Police officers and forces need to understand how to navigate these waters: how do you police incidents responsibly where you need others to do things they’re not willing or able to do? When the next 16yr old is in custody, do you release the person or keep them detained; when you feel you have to use s136 on someone to keep them safe and they respond with protracted resistance to detention – quite possibly because they are just absolutely terrified – do you take them to custody because the NHS haven’t commissioned services to manage their clinical needs or because it’s too difficult to manage them through existing services?

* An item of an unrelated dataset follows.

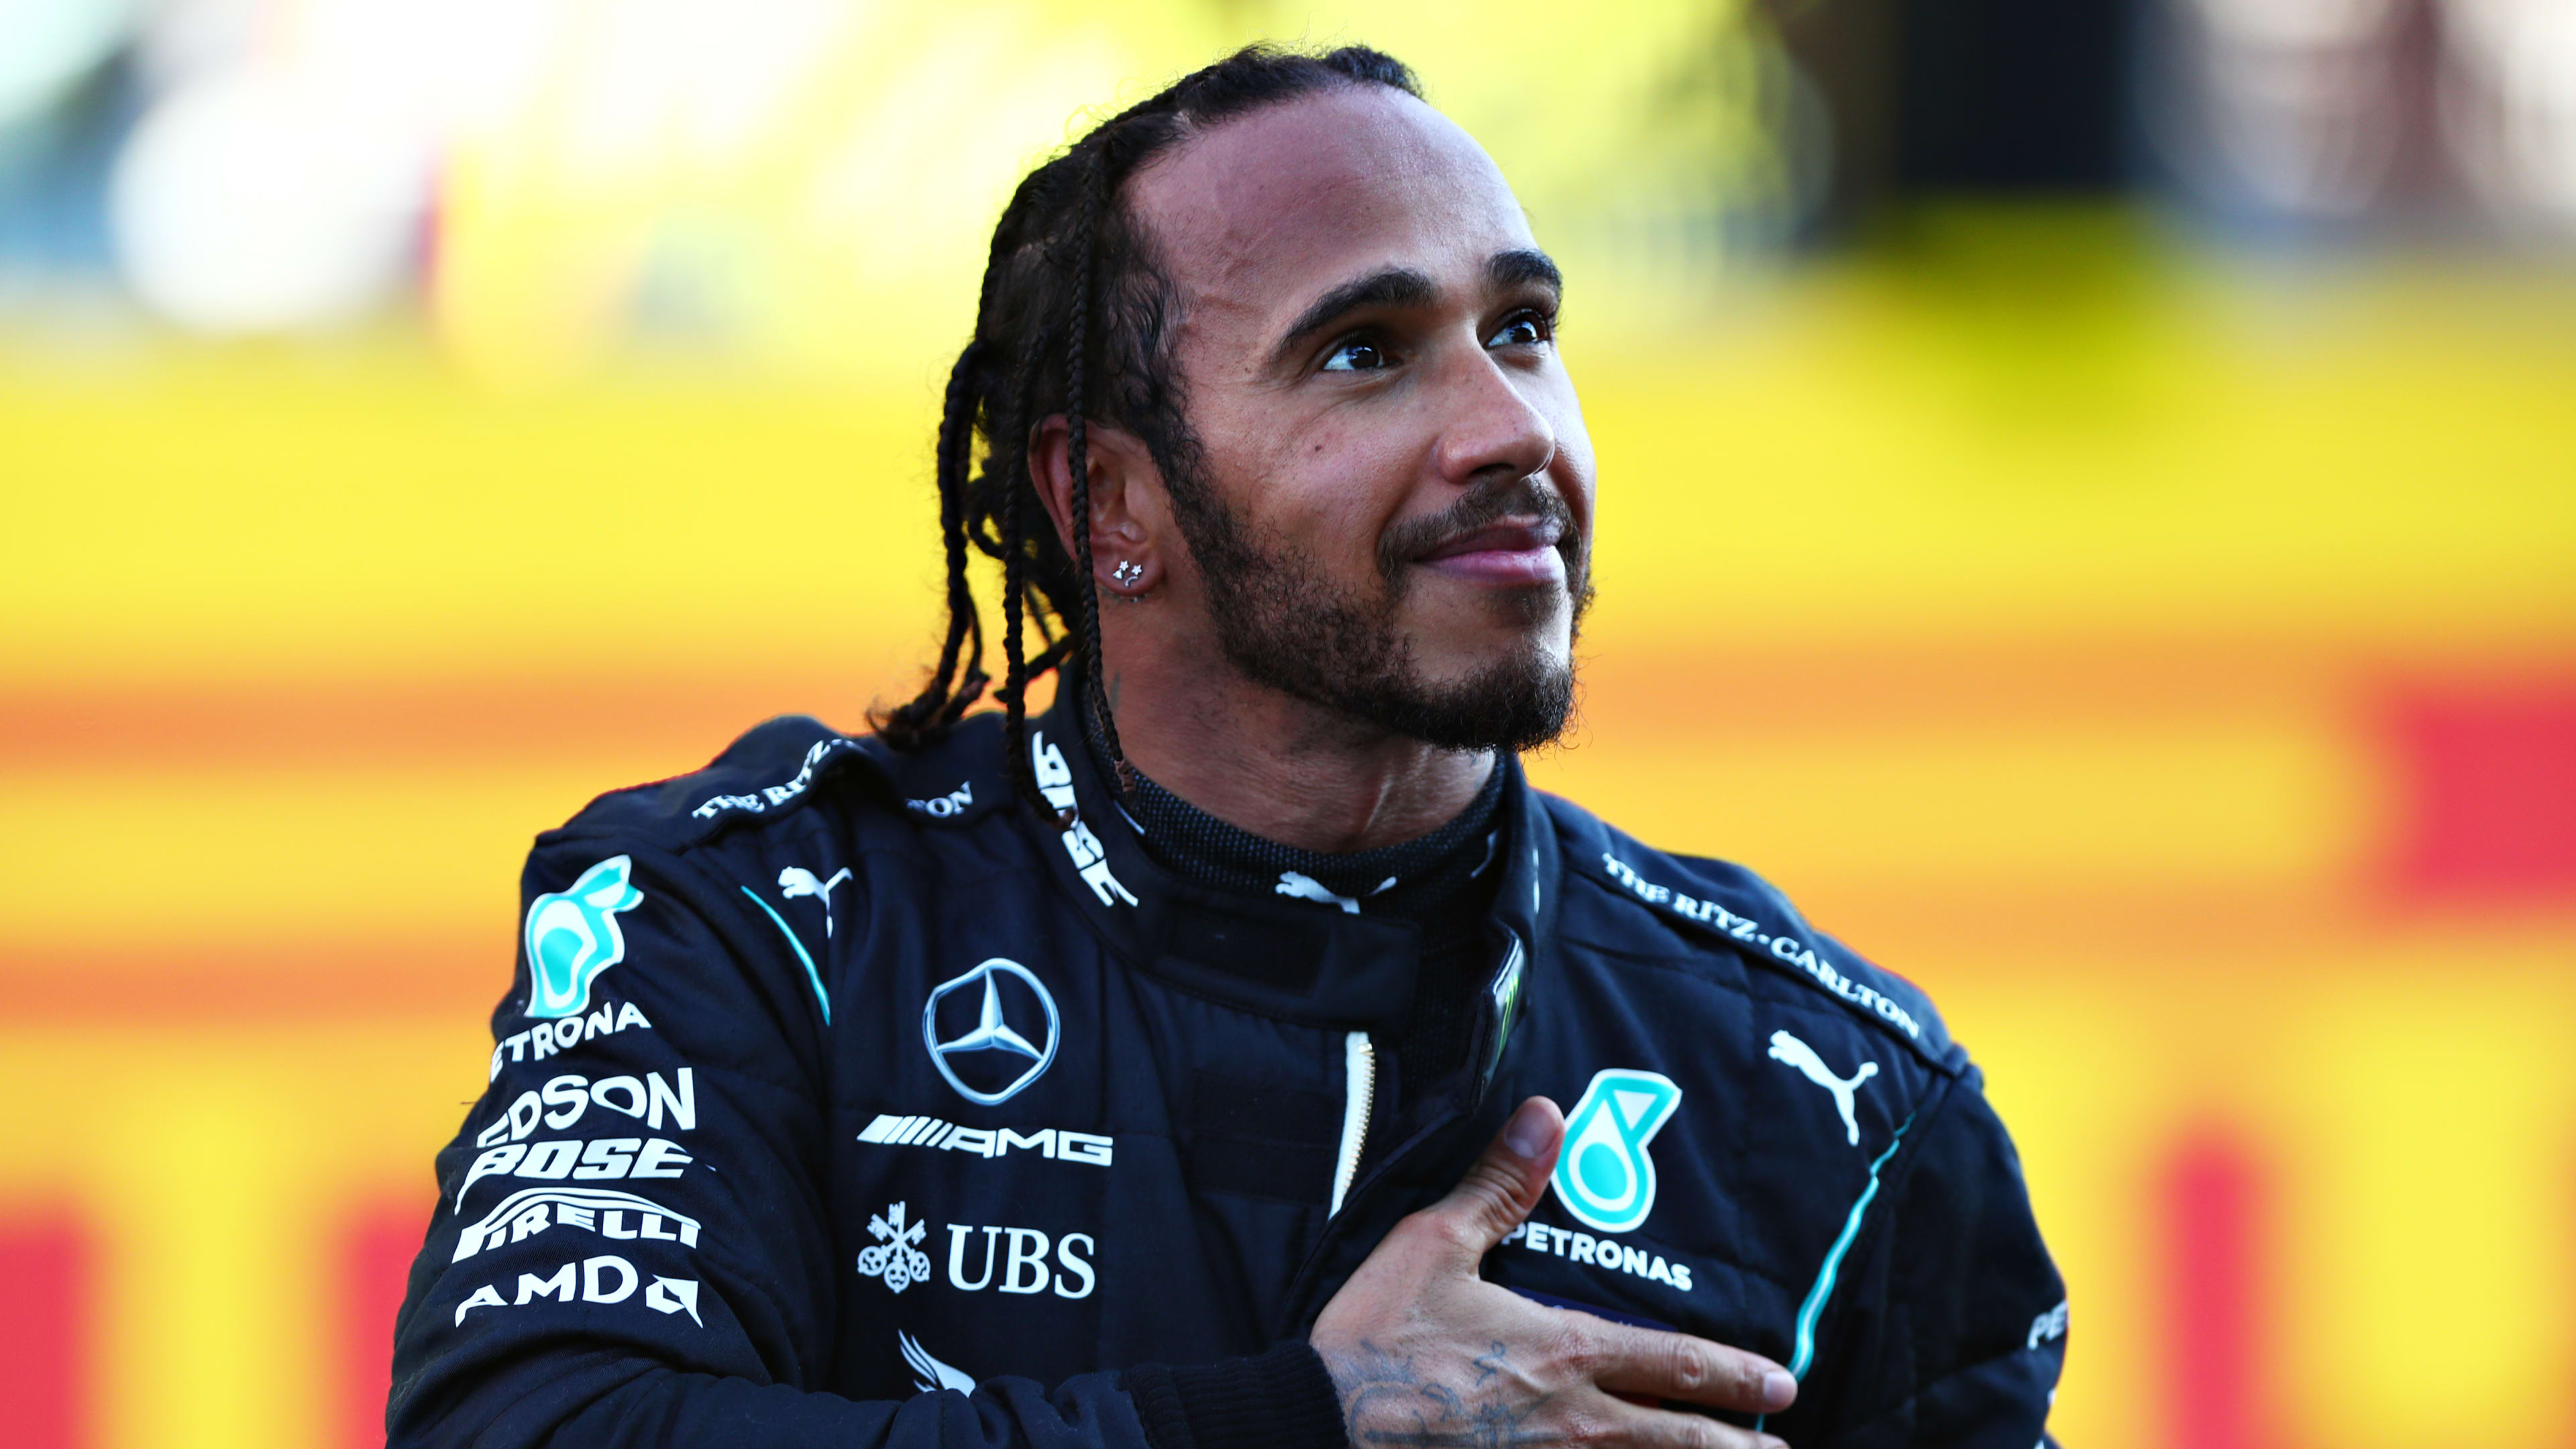 Lewis Hamilton says Red Bull's current car 'is the fastest' he's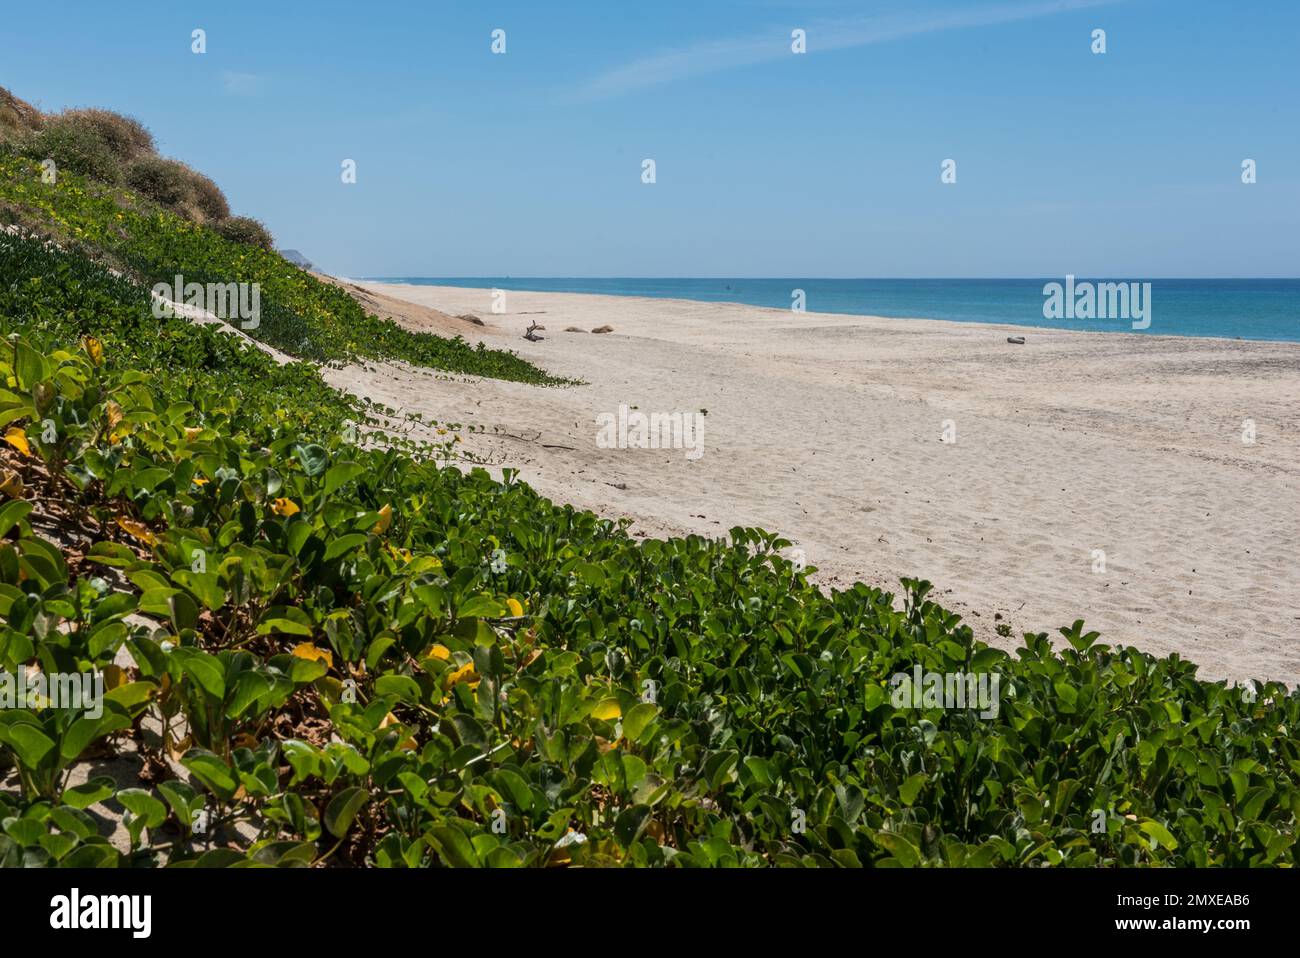 A closeup shot of beach morning glory leaves covering the sand slope in the baech Stock Photo

How do you write-up your notes, your incident log or your custody record in such a way as to ensure that if you do end up doing something for which you’re struggling to find clear legal grounds, you maximise the chance that those who look back in hindsight will find virtue and morality running through the decision-making and a clear absence of other options?
So this interface is about finding the least worst option amidst confusion, conflation and contradiction.